Но я бежал. Так нужно было. Бежал оттуда прочь.
Не мог я рисковать ни полем, ни солнцем, ни Верой, ни цветами…
В камере тускло. Не разберу, с кем разговаривает сосед. Может, сам с собой?
Мне запомнился обрывок фразы и безнадежно грустный тон, которым она была сказана:
«И повэзуть нас далэко, далэко…»
И правда, куда уж дальше! От песенных краев, от семьи и тепла, через всю спившуюся Россию, аж до самой Совгавани.
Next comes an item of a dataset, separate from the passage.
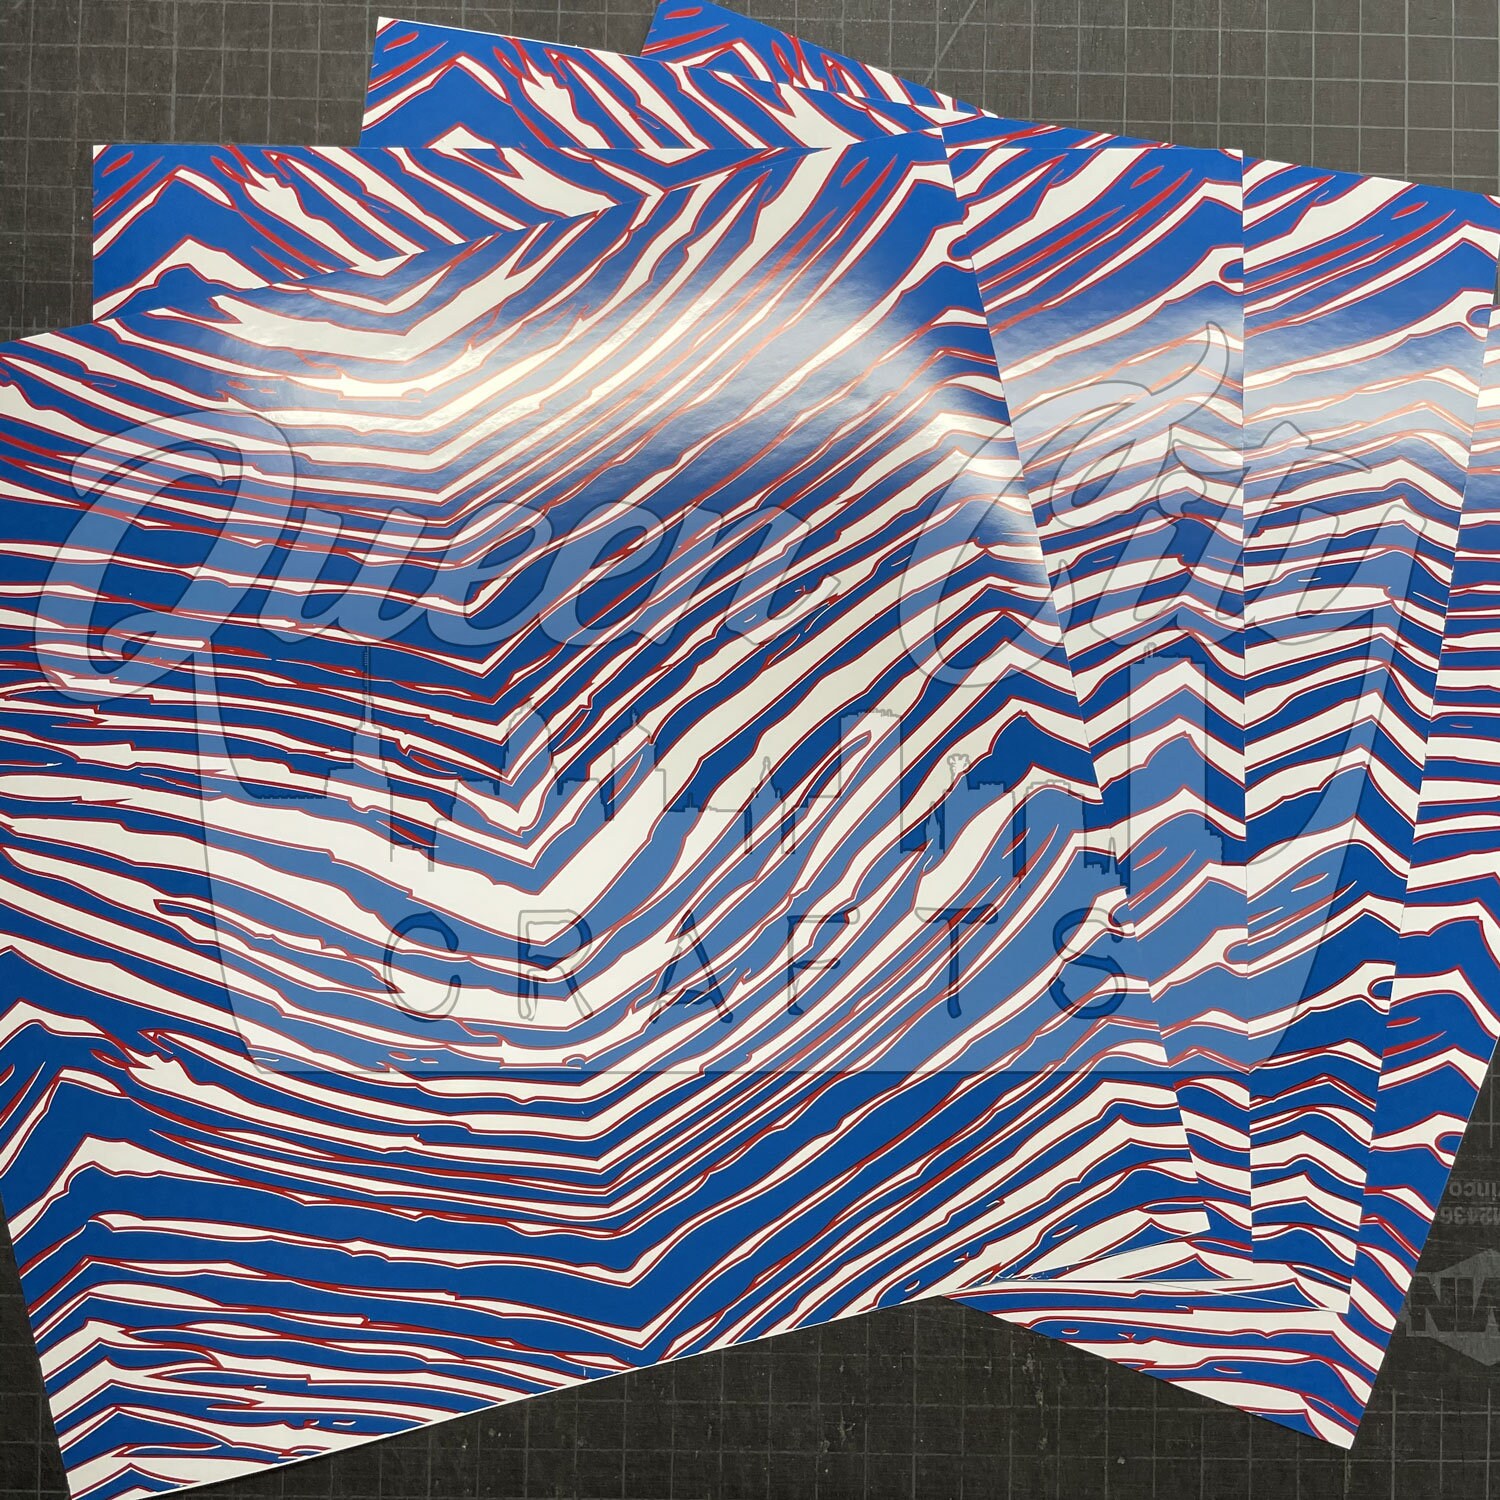 Patterned Vinyl, Red, Blue and White Zebra Print Craft Vinyl Sheet

Бешеный день. Жарко. Говорят, хамсин [2] . Дышать нечем. Работа точная. Делений не видно. Пот глаза застилает. Деталь двоится, расползается. Как в тяжелом сне. Пульсирует каждая клетка, все ходуном ходит. Спецовка мокрая. Вон, в одних трусах работают, надо б и мне бросить утомительную стыдливость. Деталь не установлю никак. Сегодня все невезенье пришло ко мне. Сколько раз очки падали и ничего, а тут просто протирал стекла и правое рассыпалось, как льдинка. Сказали к утру деталь сделать, а я теперь не вижу. Правый, чтоб не мешал, закрываю, стараюсь смотреть левым, а он устает, мутнеет в нем. Снимаю очки — не вижу. Одеваю — не вижу. Тру глаза — не вижу все равно. У станка собираются. Говорят что-то. С трудом разбираю слова. Жаль, языка не знаю. Смеются, и ой как не добро. Вот слово «закен». Это слово слышал не раз. «Закен» значит старый. Как все нехорошо и, главное, говорить не могу. Я б им сказал, что не стар, что просто не нужно сейчас на меня смотреть. И не в годах дело. Многие никогда молодыми не были. А я люблю, плачу, молюсь. Это ли старость? Моей любви, моих слез, моих молитв на весь мир хватит. Ну, что не отойдете? Что так прилипли к «волчку моей камеры»? Зачем так ловите мои неудачи? Не враг я вам. Я вас, бестактных и недобрых, все равно не любить не смогу. Завтра расскажете. Расскажете, как жалок я был. Смеяться будете. Всем расскажете. Ничто не остановит вас. Идиоты, чужака во мне увидели, но ведь и ваши отцы пришли так. Говорят, они идеалистами были. Откуда ж у вас столько крысиной зависти? Столько черного недоброжелательства? Где краски эти увидели? Море — синее, небо — голубое, холмы — желтые, зеленые, розовые, коричневые, сиреневые, малиновые. Красоты такой нет краше! Так где же нечисть эту черпаете?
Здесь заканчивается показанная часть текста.